Hシーンに関してはこんなものかなぁと。同居モノとしては少なくてやや寂しかったですが。


システム・操作性

カラフルアクアリウムで特徴的なのがエフェクトなどの画面効果でしたね。立ち絵の感情表現やOP画面の地味な演出なども小技が効いていて楽しめました。

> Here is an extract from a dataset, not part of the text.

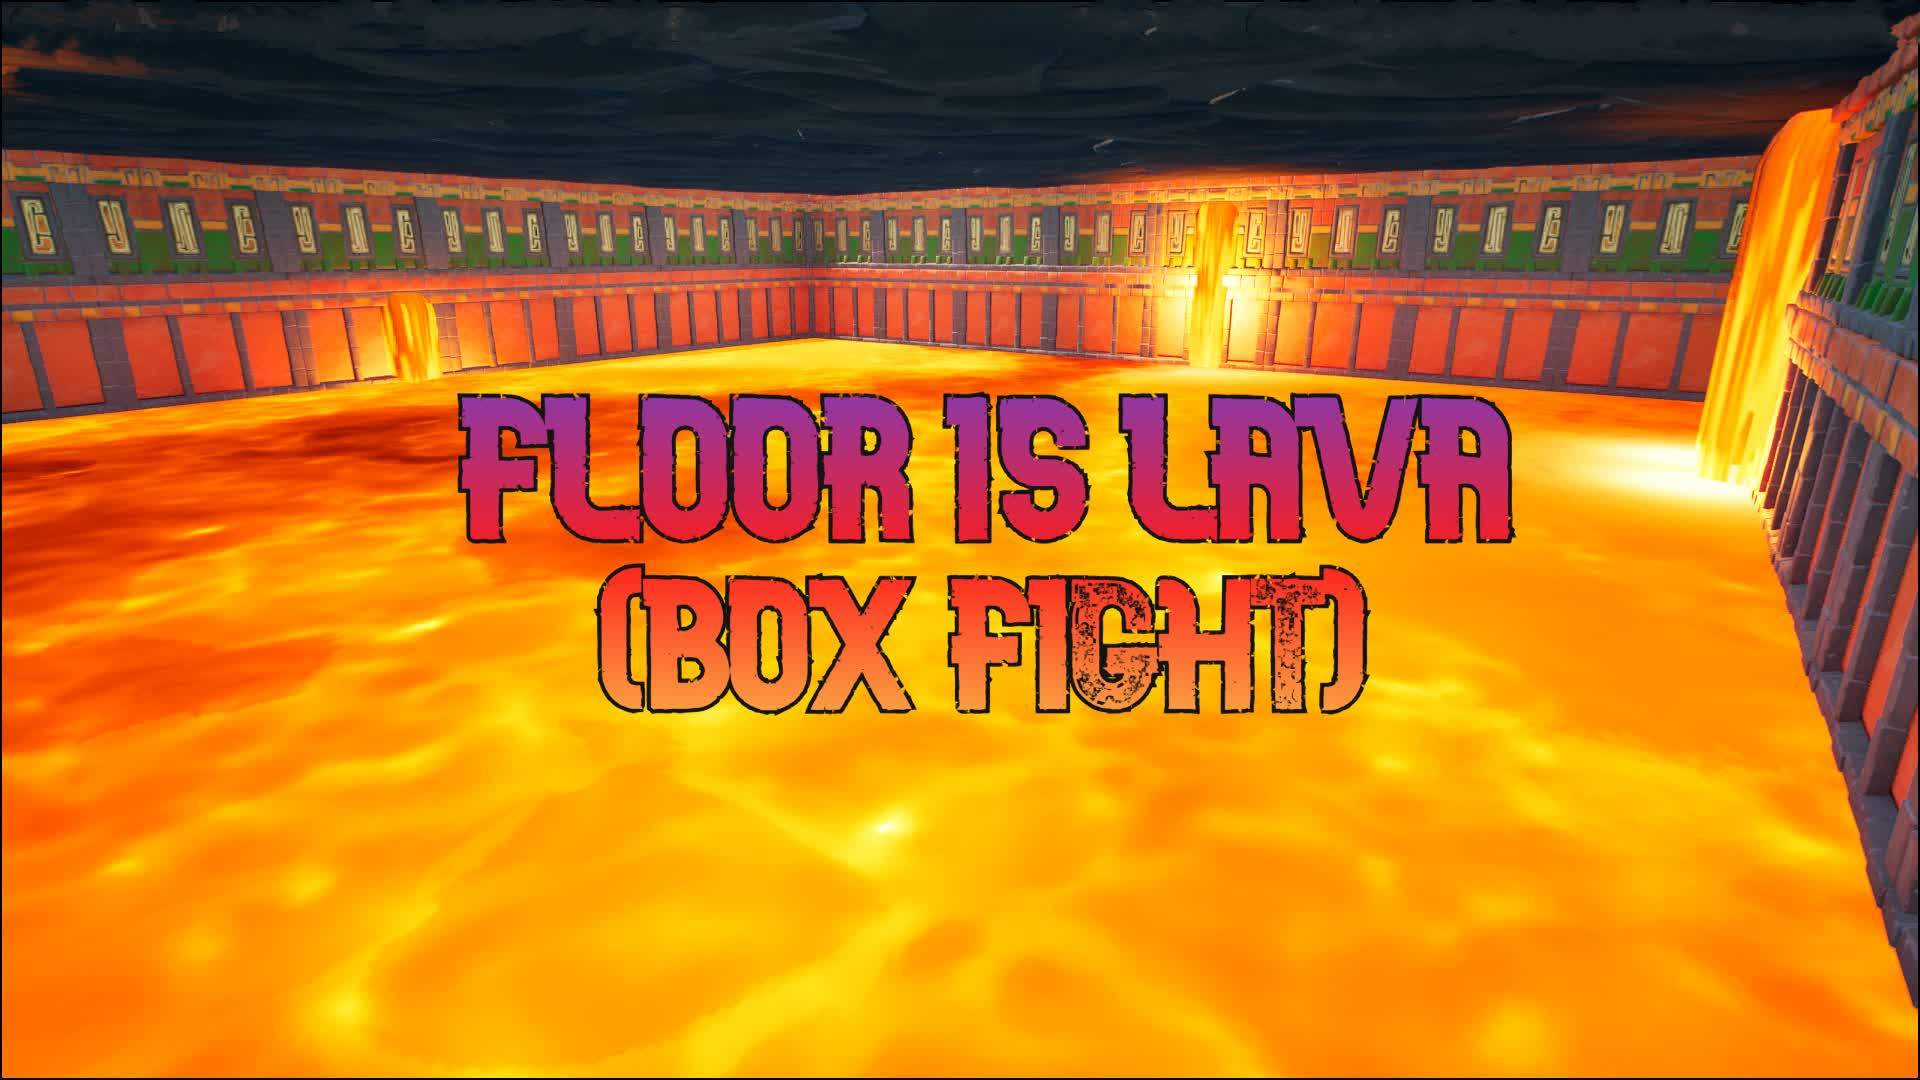 Floor Is Lava! box fights

ただ、システム自体はあまり性能が宜しくなかったのは惜しかった。特にセーブ/ロードのかったるさは勘弁して欲しかったですね。


オススメ度

個人的にはもっとギャグで押し切っていれば良作認定できたのですが変にシリアスな展開に持って行ってしまったのが悔やまれる所。キャラの設定はかなり良く出来ているだけに後はストーリーさえ良ければというレベルですが。とにかく個別シナリオで随分と展開が変わってしまうので注意は必要なのと同居しているのに甘ったるい展開が少ないのも強くお勧めできない要因ですね。


My Favorite's

トーコ・フェラレーレ・タツミでしょう、やっぱりw

無口キャラでありながら腹黒くアリサすら恐れをなすキャラクターには笑わせてもらいました。シナリオにしても全キャラの中で最もバランスが取れていましたしね。それに怒っている時の「ぷくー」は大好きですし(何

次点で非攻略キャラですがマーベリック・ヒルドンもお気に入り。男勝りかと思えば意外と乙女チックで可愛かったなぁ・・・サービスシーンもあったしねw 彼女が登場してからが面白いだけにもっと活かしていればなぁと悔やまれます。